LISTED RECORDS:
————————

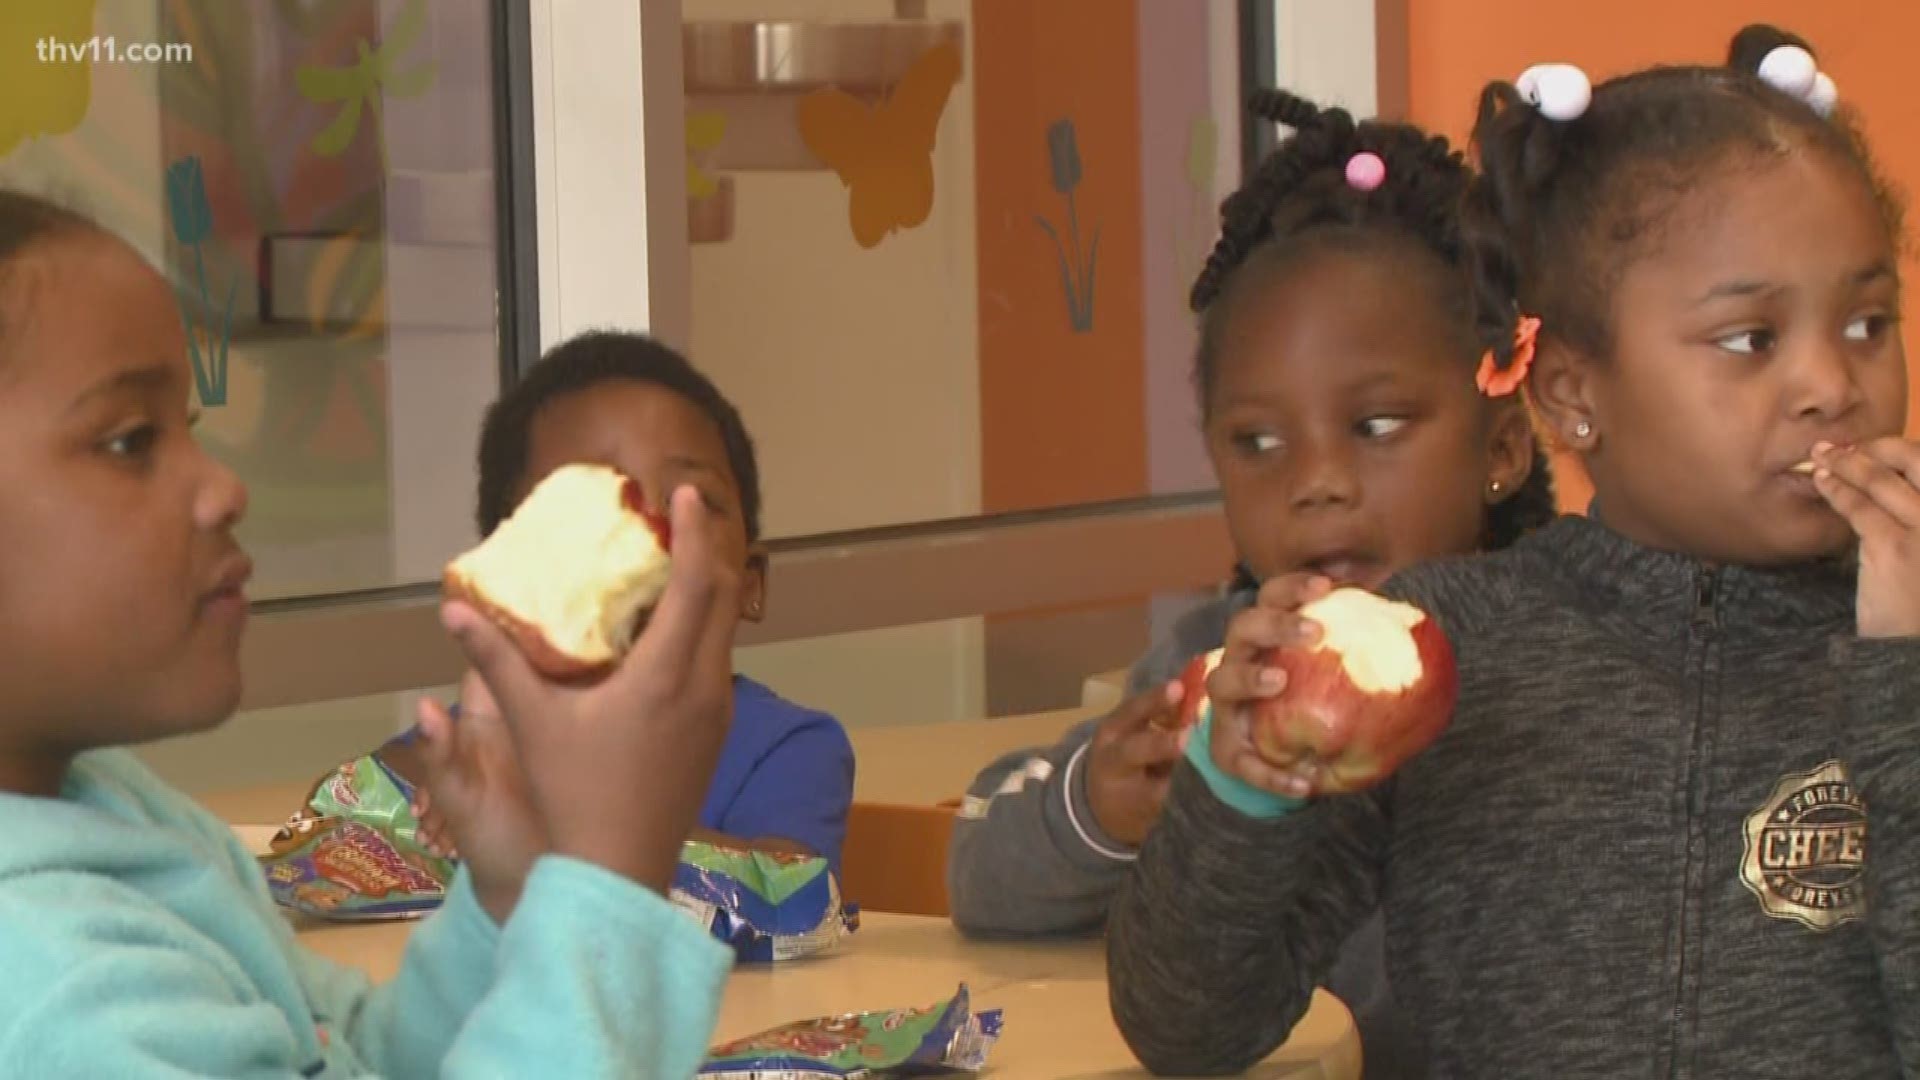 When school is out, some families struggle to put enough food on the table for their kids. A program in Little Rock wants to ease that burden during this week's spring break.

————————

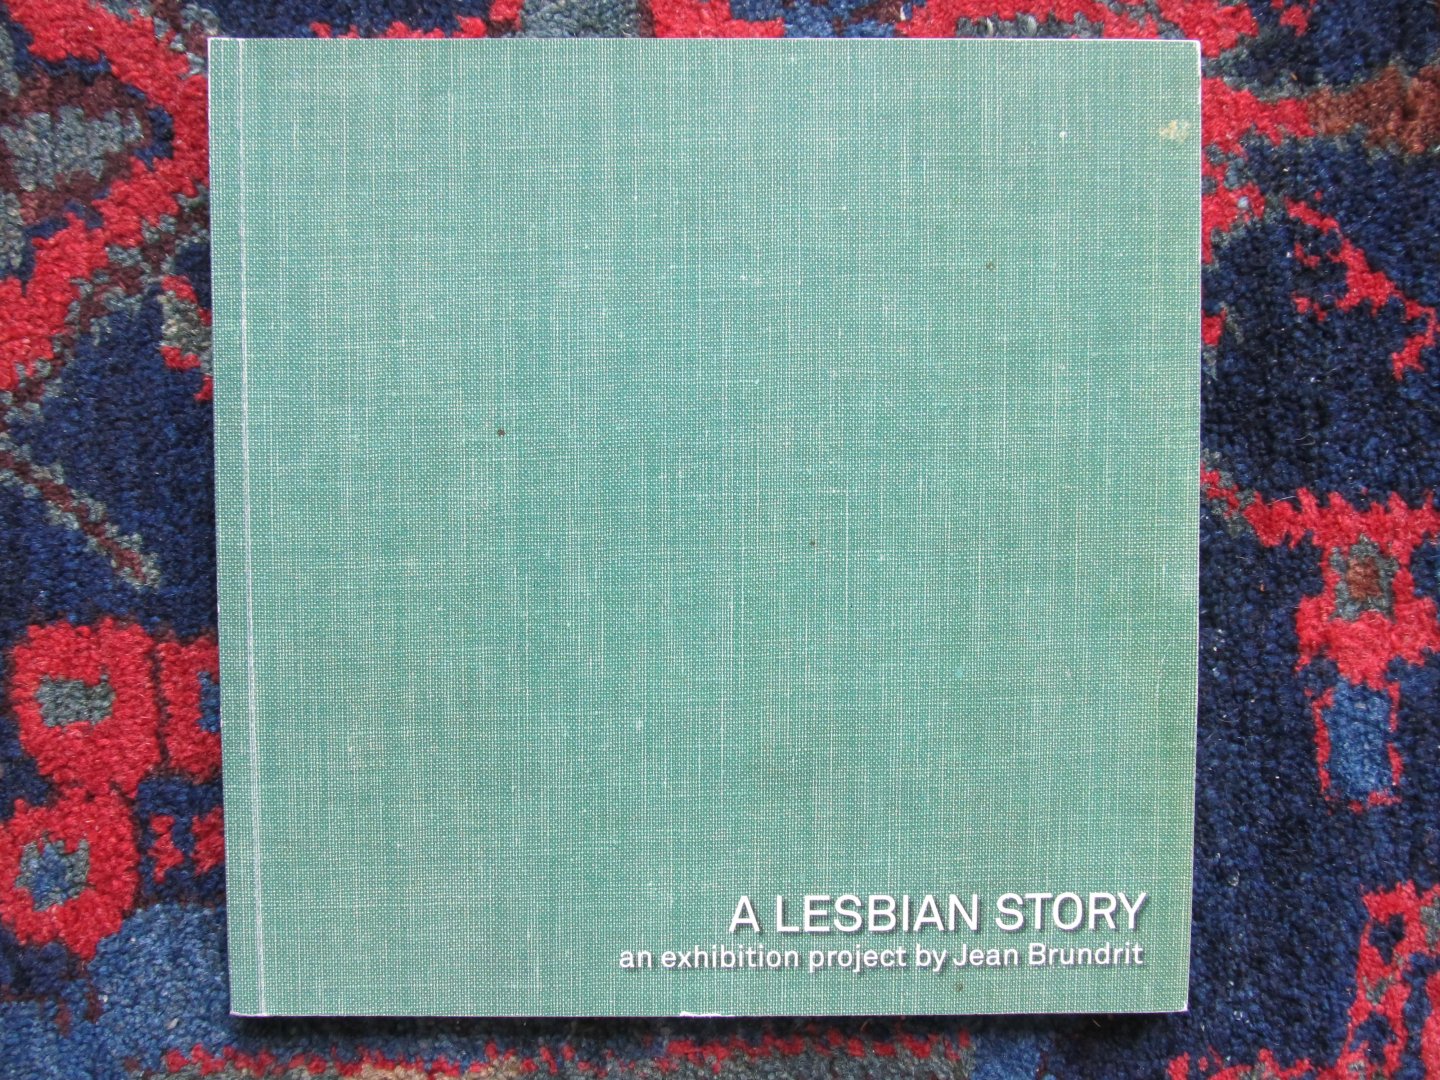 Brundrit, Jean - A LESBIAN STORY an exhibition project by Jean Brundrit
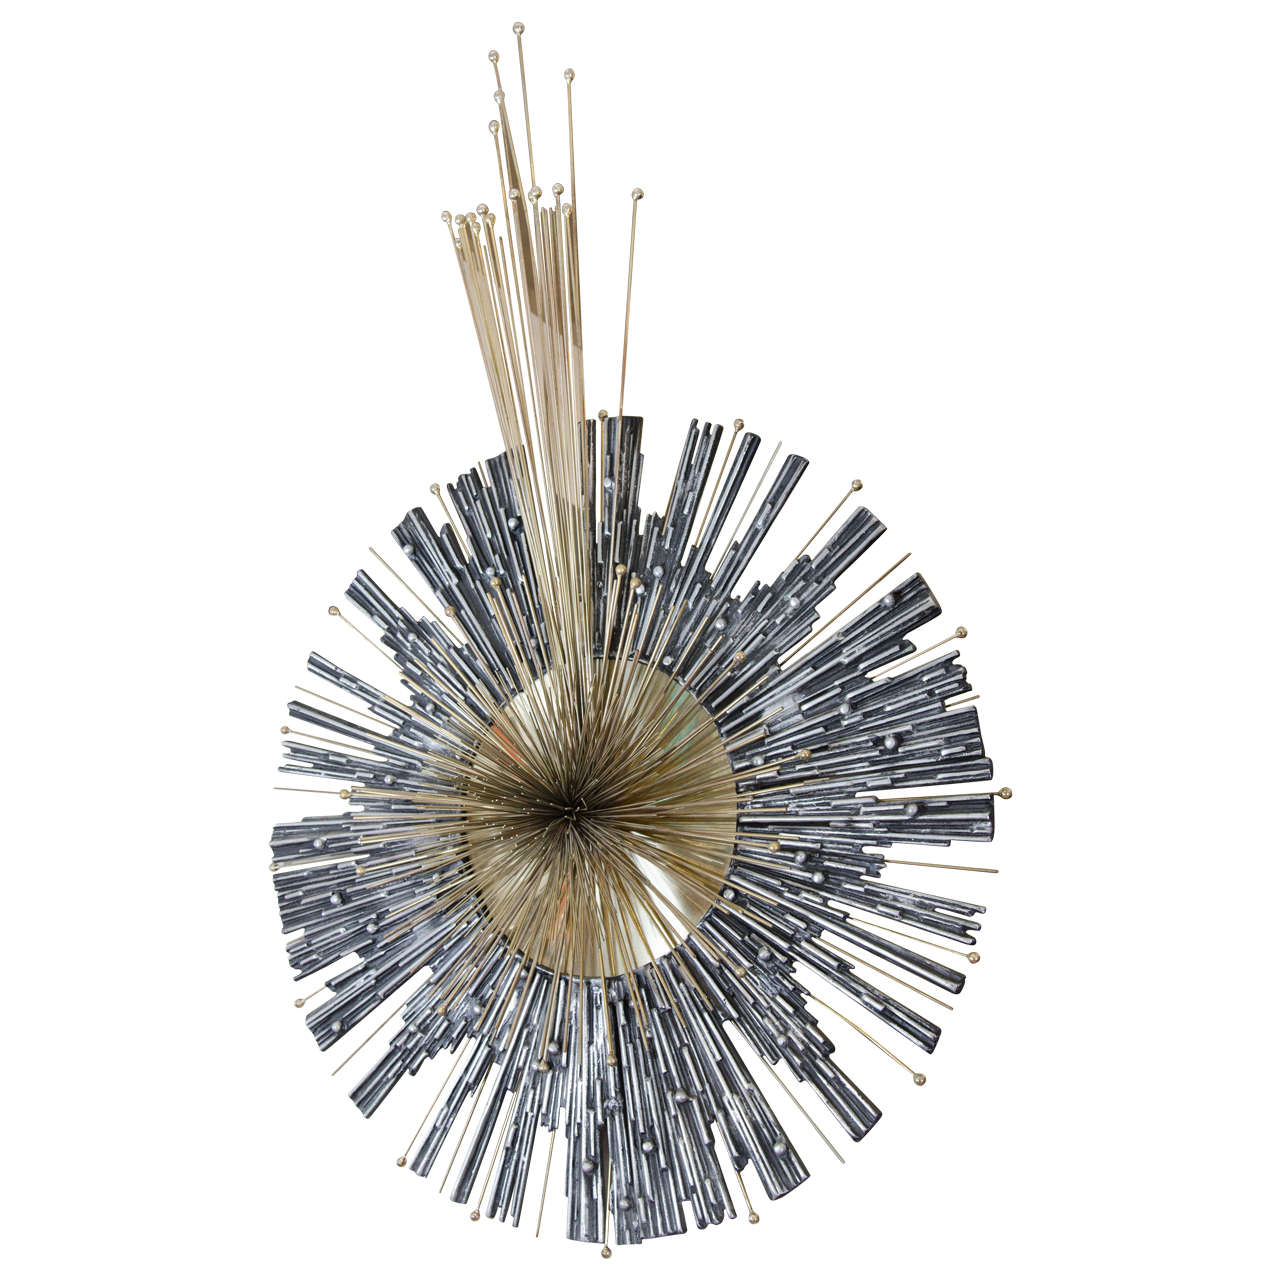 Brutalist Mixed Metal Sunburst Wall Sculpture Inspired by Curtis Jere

————————

AIM OF THE EXERCISE: Above are records; repeat only the lines from the line with "Brundrit, Jean - A" through the line with "Brutalist Mixed Metal", and leave pictures out.

WRITTEN ANSWER:
 Brundrit, Jean - A LESBIAN STORY an exhibition project by Jean Brundrit
 Brutalist Mixed Metal Sunburst Wall Sculpture Inspired by Curtis Jere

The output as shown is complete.